Tuesday, August 12, 2008

Home from Gatlinburg

I arrived home from the NSN Conference in Gatlinburg, TN on Sunday evening, then yesterday afternoon (Monday) left home again for a storytelling work retreat. I only have a few minutes before we begin, just wanted to say I'm home--and to show a few pictures of the gaudiness that is Gatlinburg. I'll write more about the conference soon.

This giant marble is on water. Notice the kid pushing it--it rolls!

The streets were jam packed with people. There seem to be hundreds of tacky stores, pancake restaurants, "old timey" kitch emporia and hotels in about a square mile. Ripley's Believe It or Not Museum takes up a lot of real estate, too. I met three Russians working in the restaurants. Do they think the whole US is like this, I wonder?

Wednesday, August 06, 2008

National Storytelling Conference or bust

Shhh. Don't tell the cat. I'm getting ready to pack my bags. He has been known to disappear if he knows I'm leaving (and when he has to go to the vet). He may already know--he's taking a nap in a bookcase, behind a large pile of puppet paraphernalia. Camouflage?

I'll be flying to Tennessee for the conference tomorrow. I've been chosen to be in a regional concert on Friday night. I'll be telling The Portraits. I just put the photo album up in the sidebar so listeners can easily find the portrait of Sarah Visscher Schuyler Hoyle. I'm also going to be helping Olga Loya with her three-hour intensive about Going Deep, the long traditional story retreat. I spent time last night creating buttons to wear and give away.

I'm quite fond of the one at the top that says
Q. What's the opposite of an olio?
A. The Going Deep Long Trad Story Retreat

(An olio is a medley, and at storytelling festivals it means a program with several storytellers, each telling for a short period of time.)

I'm having a small amount of anxiety, not about the story, as I've been telling it for about 17 years, and not about helping Olga, but about what to wear at the concert. Clothes, definitely, but which?

Monday, August 04, 2008

Voice care

This week I'm going to the National Storytelling Conference, in Gatlinburg, TN this year. I always have a good time at the conference, even the three times when I had a cold and couldn't speak (what's up with THAT, a shrink might wonder). This year I'm taking a bottle of Clear Voice Vocal Spray. I feel fine right now, just want to be prepared if need be.

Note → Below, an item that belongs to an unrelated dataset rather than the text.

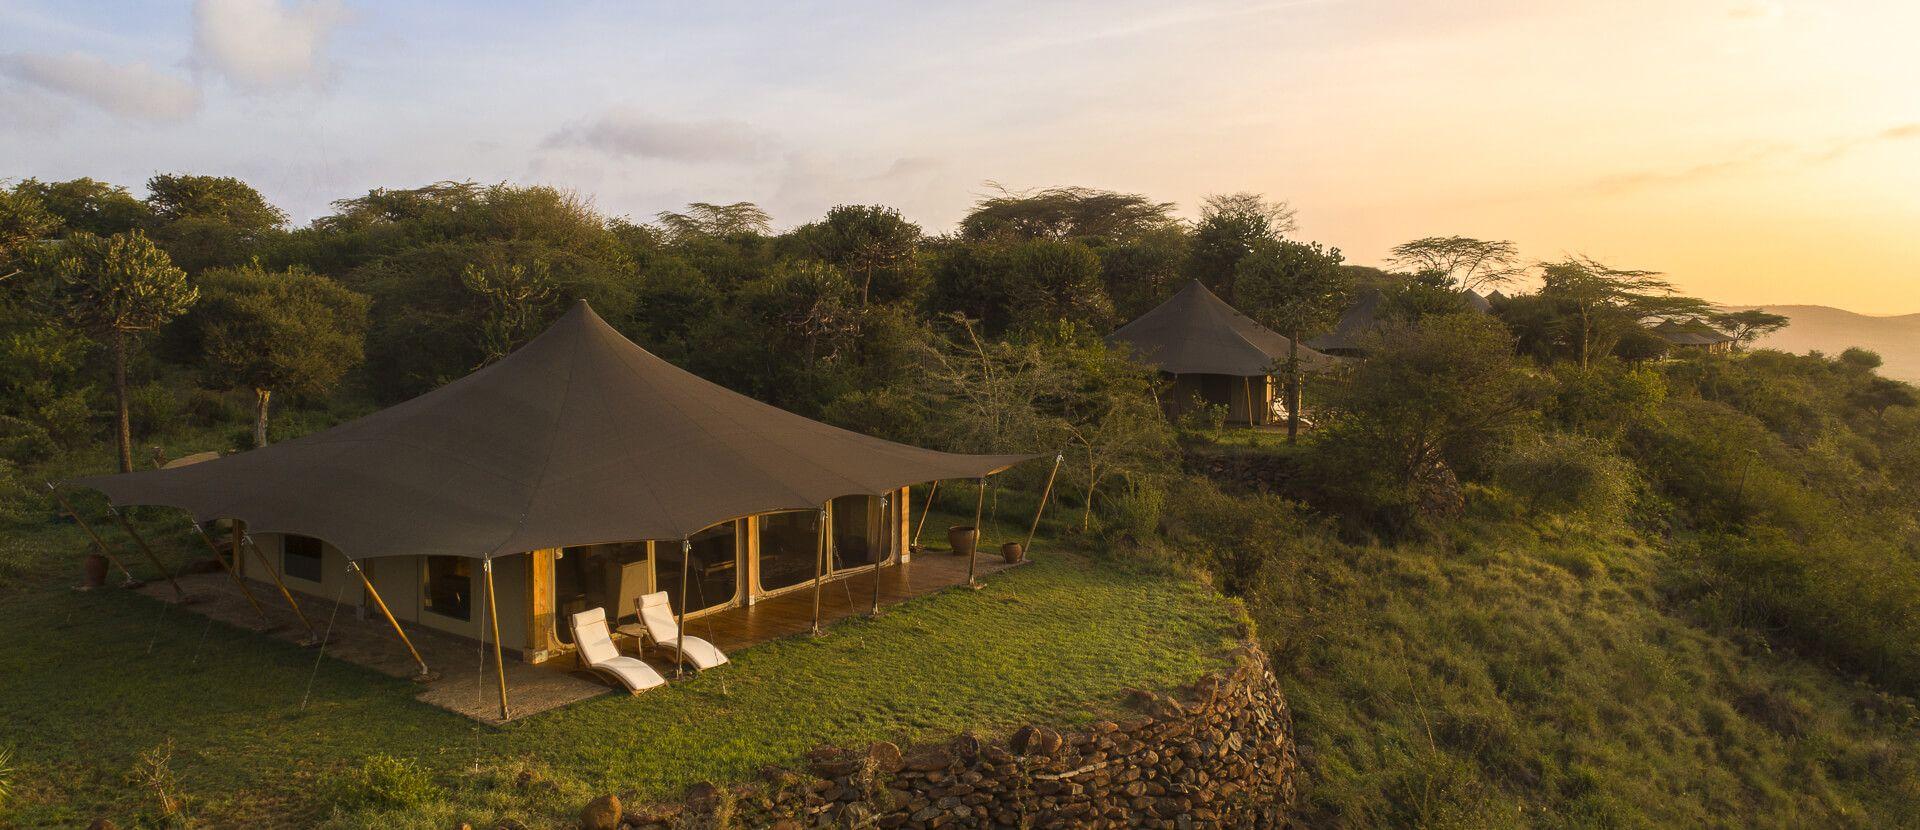 Loisaba Tented Camp by Elewana

I learned about this last year in St. Louis, from storyteller Michael McCarty and a bunch of other people who said, "You lost your voice? Talk to Michael!" When I got home, I ordered a three-bottle supply. Truth to tell, I've only used it a couple of times, but I was thankful for it then. I'm definitely taking it to Brazil.

There are lots of ways to take care of your voice. Here are my favorites:
  • Drink lots of water before performances and during if necessary. If you feel a tickle in your throat, take a sip instead of clearing your throat.
  • Warm up before your performance. Sing along with the radio, make faces, stick out your tongue, relax your throat. Yawn. Hum until your lips buzz.
  • Use a sound system if you need it. Try not to put yourself in situations where you have to exert your voice.
  • Wash your hands frequently so you don't pick up germs in schools. Also, don't drink from the water fountains--kids often put their mouths right on these. Get water from a faucet instead. I look for a sink in the staff room or in a kitchen.
  • Mint dries out your throat. Go for lozenges without it, or with only a little. I like Ricola Elderberry lozenges.
  • Get plenty of rest. A tired voice can easily become a strained voice.
If you do lose your voice, don't whisper. That really strains the vocal chords. You might just have to stay silent for a while (scary thought for storytellers!).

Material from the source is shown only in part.